Trial By Error: DecodeME Team Describes Study Sample; The Atlantic’s Ed Yong Covers PEM; STAT Busts NIH’s Stumbling Long Covid Efforts

By David Tuller, DrPH

Update: The post indicates that more than 17,000 people had submitted the DecodeME questionnaire. Actually, as of the most recent count this month, DecodeME has now received more than 23,000 questionnaires.

DecodeME paper finds ME/CFS severity linked to being female, being older and being sick longer

DecodeME is a high-profile genome-wide association study (GWAS) that is seeking to identify DNA differences between people with ME/CFS and those without it. To date, more than 17,000 people in the UK who report having been diagnosed with ME/CFS have submitted questionnaires; many have subsequently been asked for DNA samples. In a new paper posted at NIHR Open Research, the DecodeME team, which includes patients as well as academic investigators, has described characteristics of the study sample based on these questionnaires. (The project continues to seek participants.)

An initial draft of the paper was actually posted as a pre-print on NIHR Open Research earlier this year. (The site hosts research from Britain’s National Institute for Health and Care Research, which is a funder of the DecodeME project.) The investigators did not promote the findings, however, until two experts had peer-reviewed the paper and approved the final version. That process concluded this week.

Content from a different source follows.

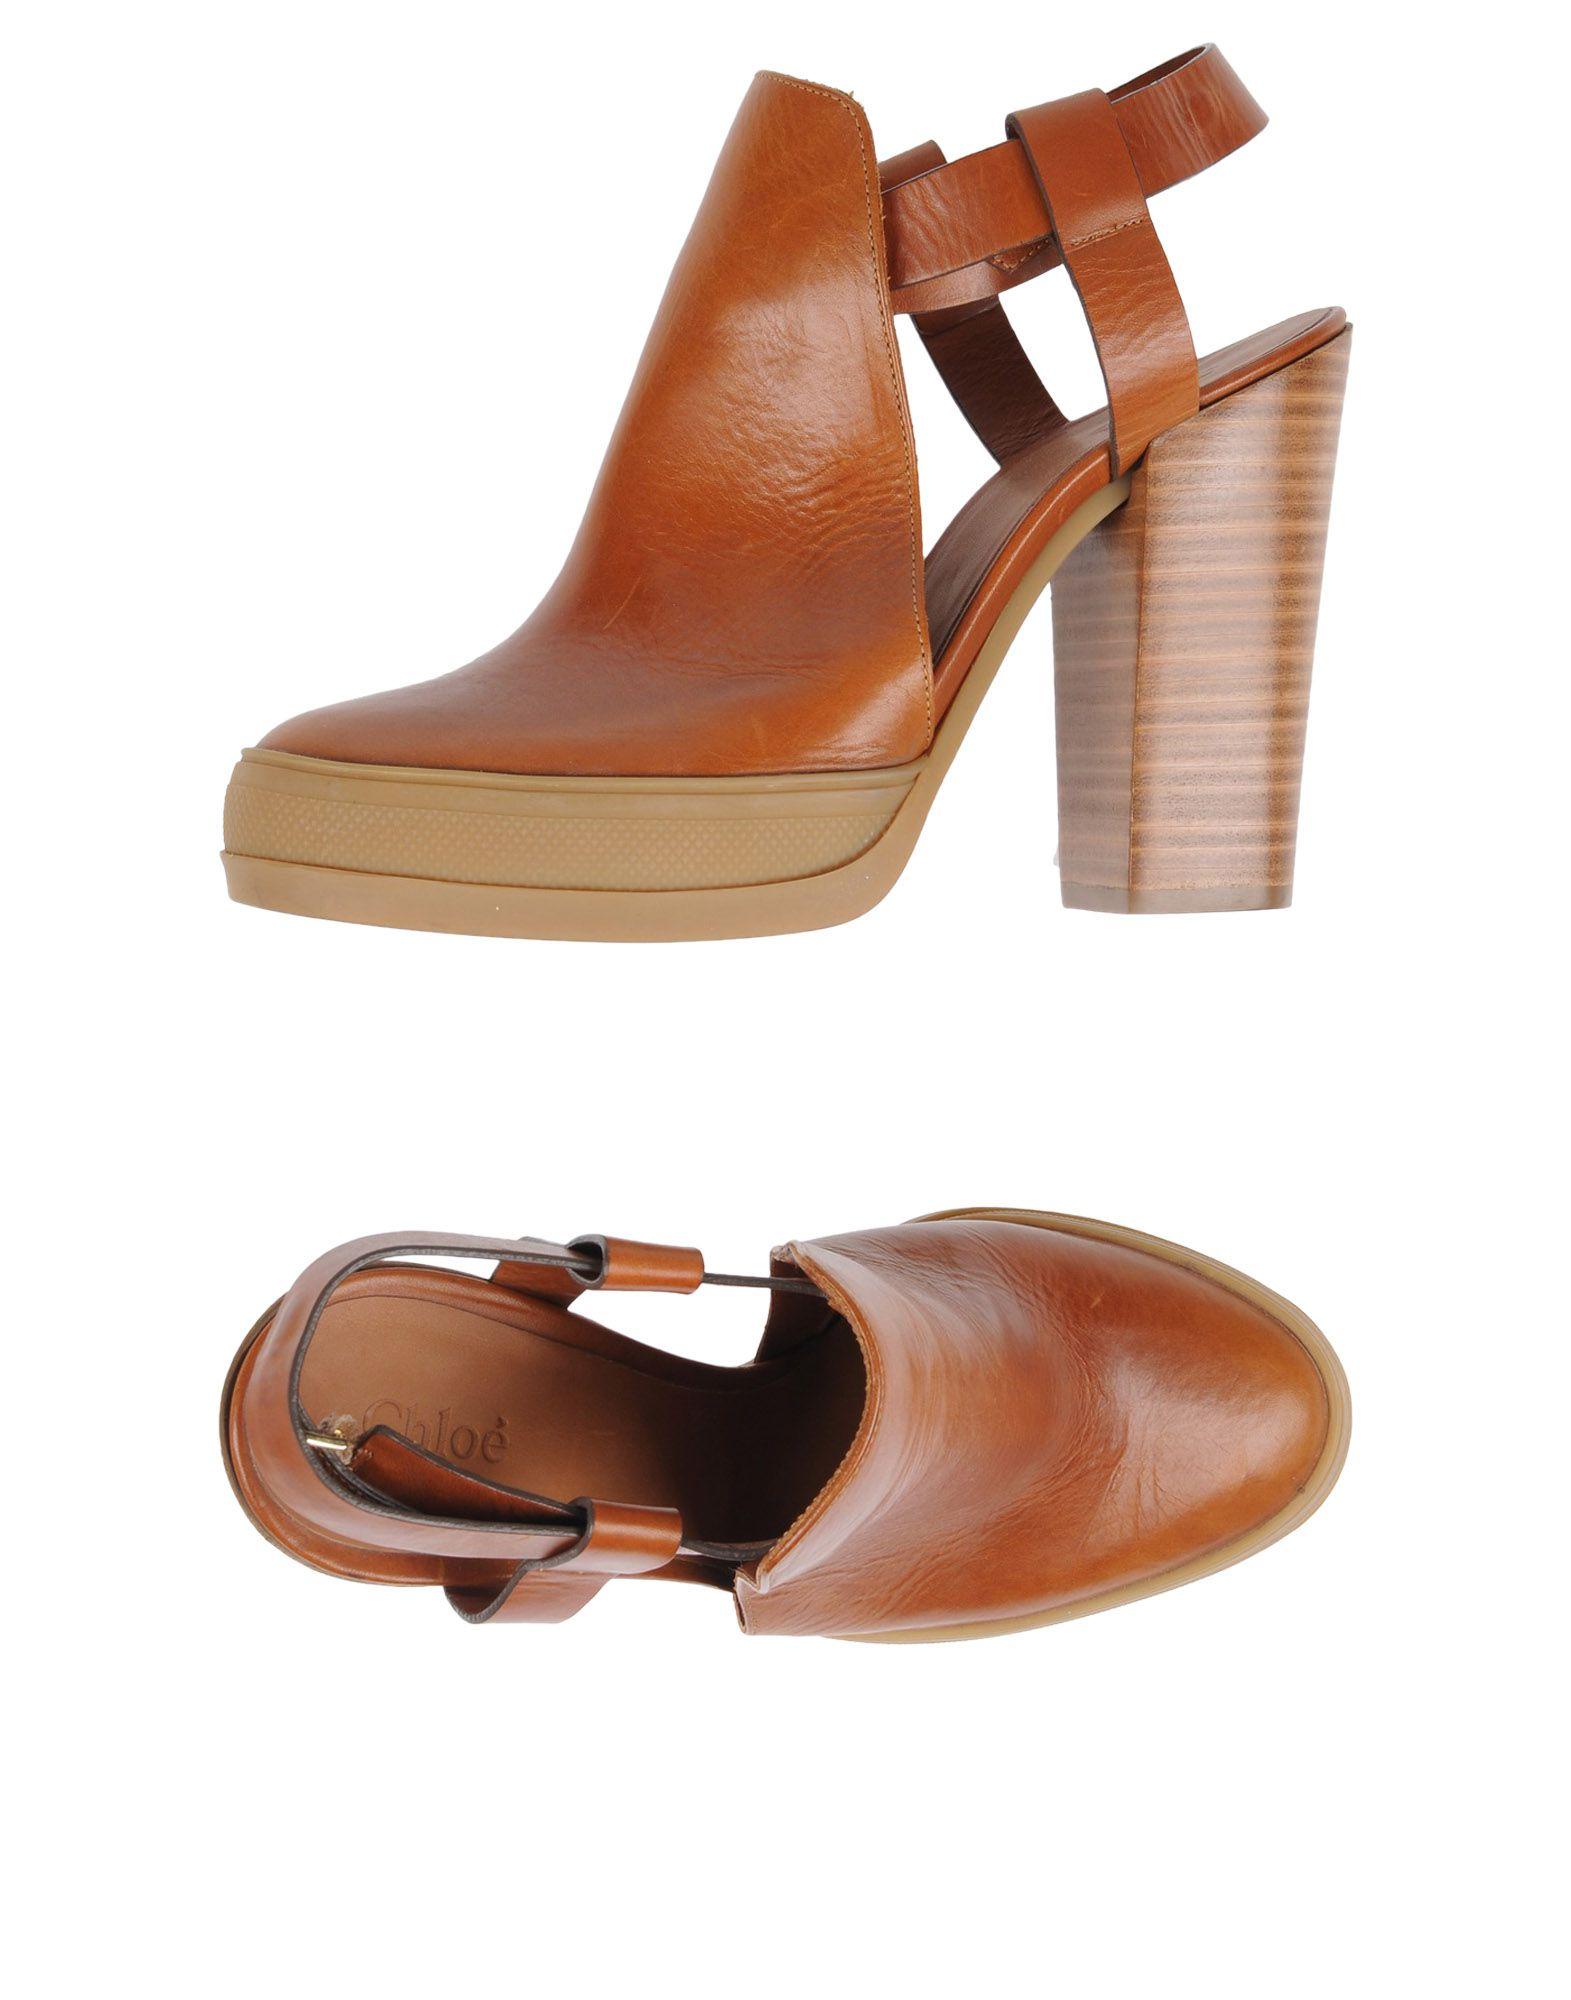 Chloé Pantoletten Damen  11462076DUGünstige gut aussehende Schuhe

The paper is called “Typing myalgic encephalomyelitis by infection at onset: A DecodeME study.” Here are the “results” and “conclusions” sections of the abstract:

Results: The well-established sex-bias among ME/CFS patients is evident in the initial DecodeME cohort: 83.5% of participants were females. What was not known previously was that females tend to have more comorbidities than males. Moreover, being female, being older and being over 10 years from ME/CFS onset are significantly associated with greater severity.  Five different ME/CFS onset types were examined in the self-reported data: those with ME/CFS onset (i) after glandular fever (infectious mononucleosis); (ii) after COVID-19 infection; (iii) after other infections; (iv) without an infection at onset; and, (v) where the occurrence of an infection at or preceding onset is not known. Among other findings, ME/CFS onset with unknown infection status was significantly associated with active fibromyalgia.
Conclusions: DecodeME participants differ in symptoms, comorbid conditions and/or illness severity when stratified by their sex-at-birth and/or infection around the time of ME/CFS onset.”

The findings received widespread and respectful attention in the UK media, including in The Guardian, Sky News, and The Independent.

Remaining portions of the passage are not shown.